Task item: What is needed is every line from the one holding "Research and Technology" to the last line of the data below, printed exactly and without pictures.

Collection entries
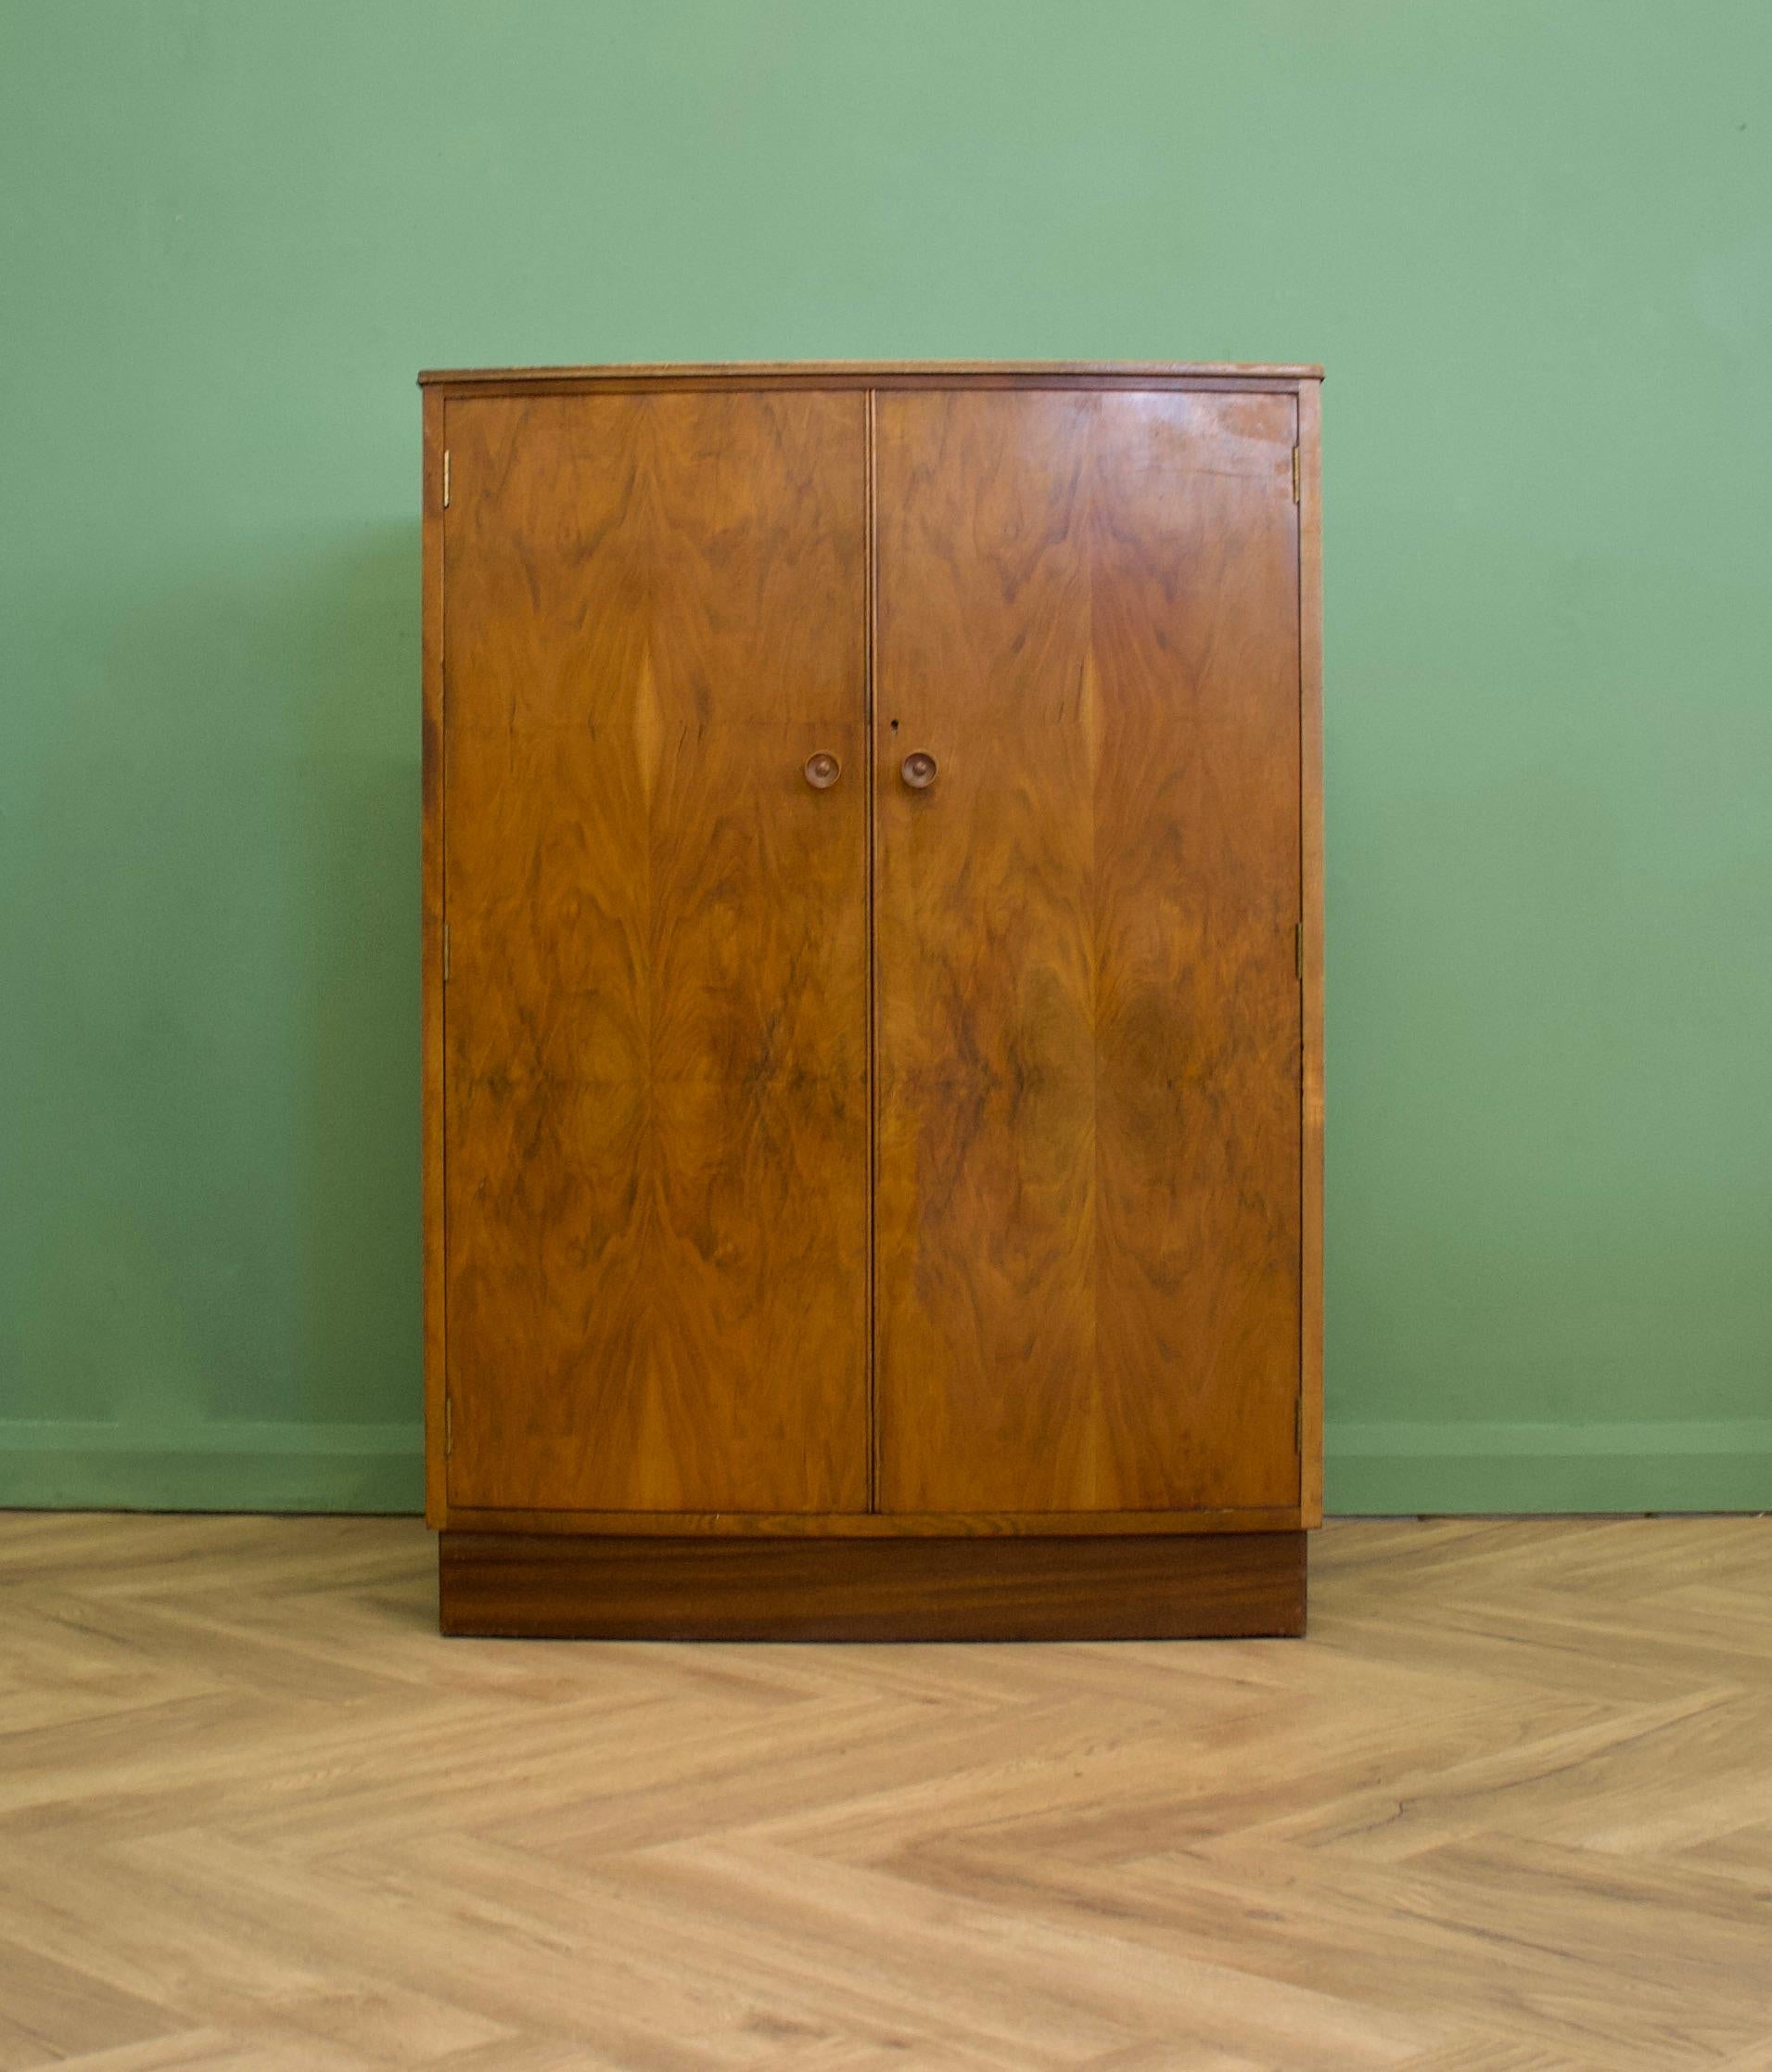 A vintage walnut Art Deco style compactum / compact wardrobe
Inside is fitted out with a pull out rail, three drawers and shelf
It also features solid wood handles.


 
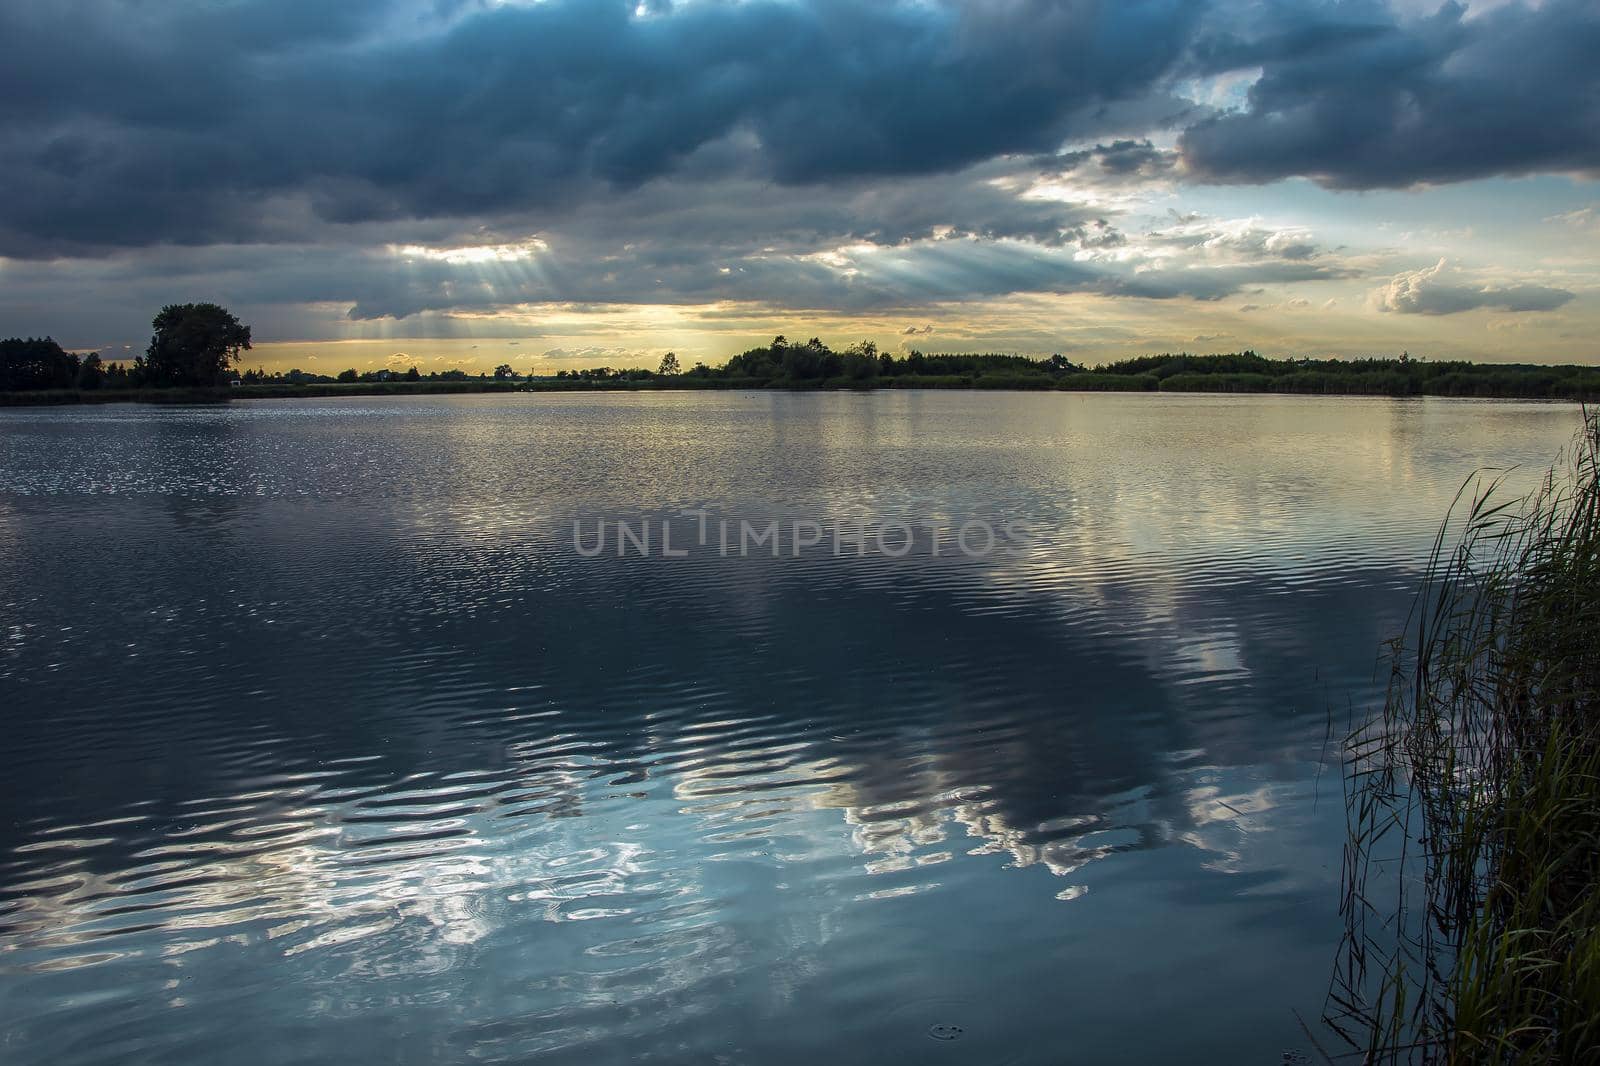 The sun's rays in the clouds over a calm lake, summer view
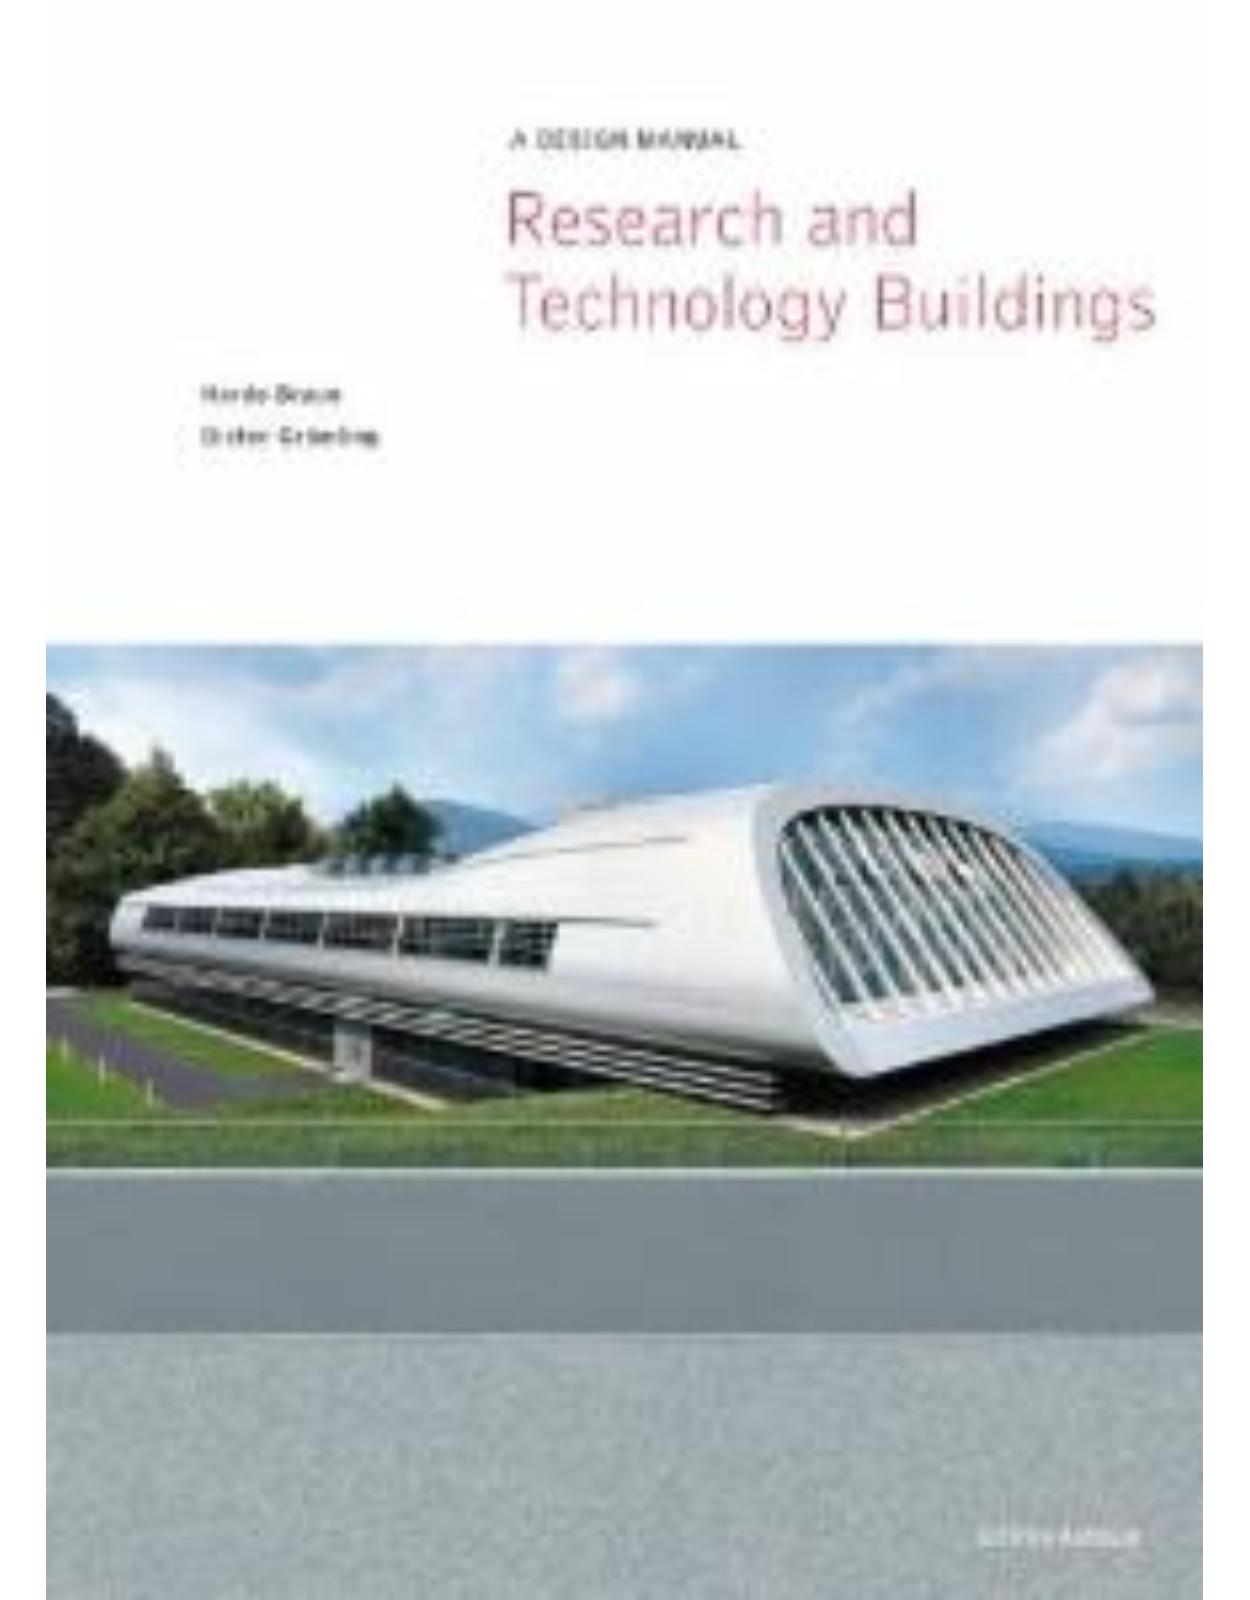 Research and Technology Buildings - A design Manual
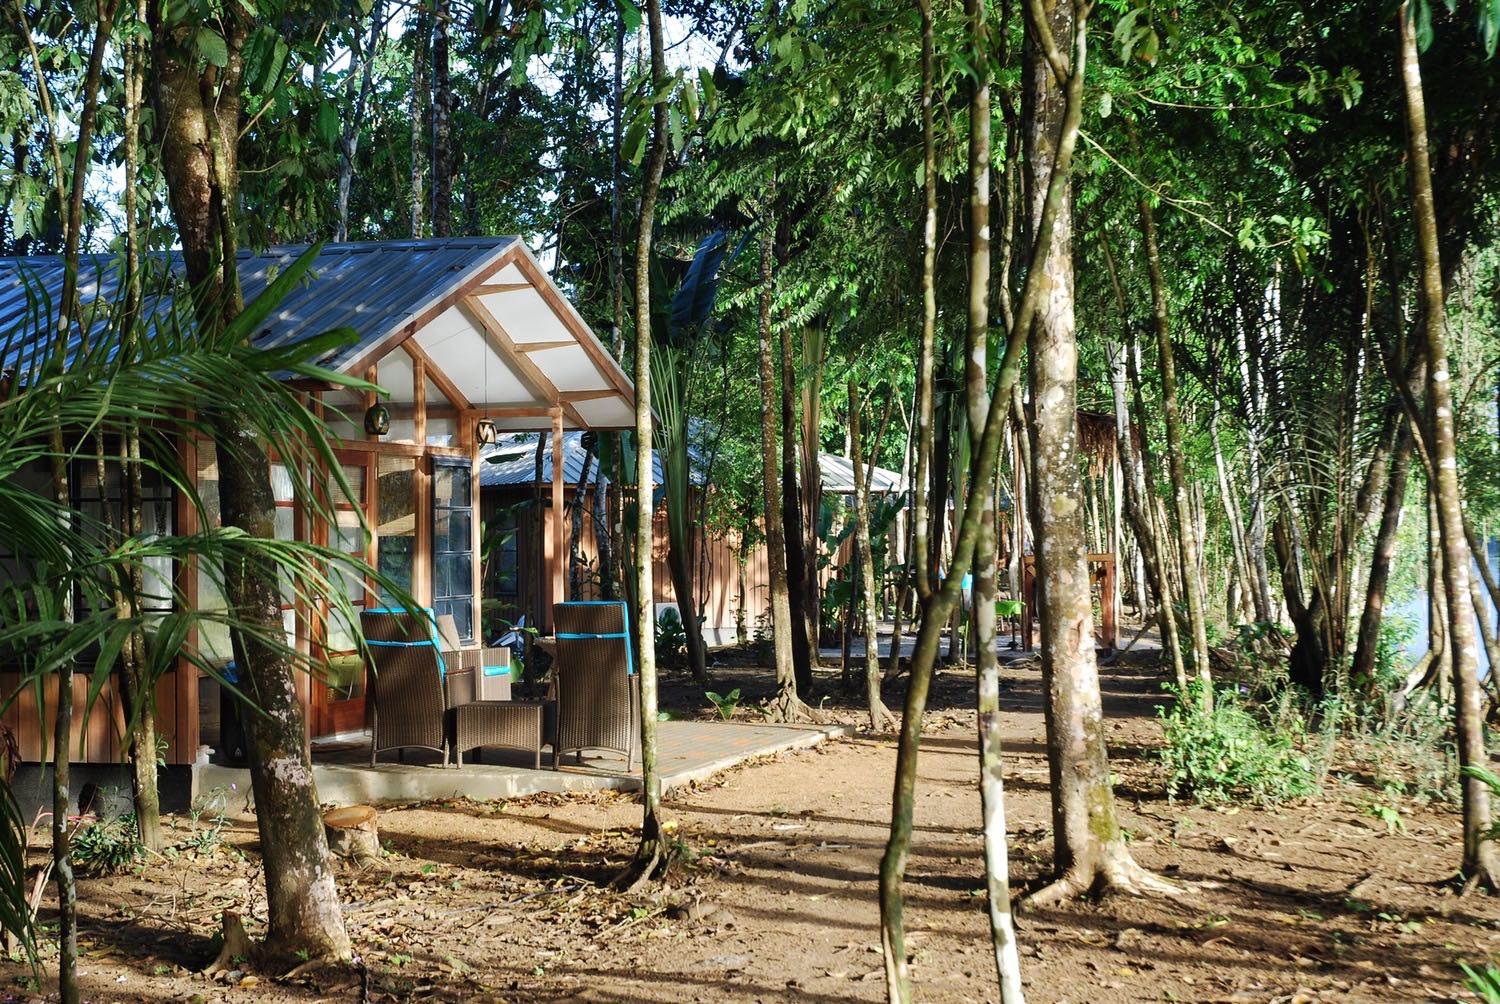 View of the lodges in the forest

Answer space:
 Research and Technology Buildings - A design Manual
 View of the lodges in the forest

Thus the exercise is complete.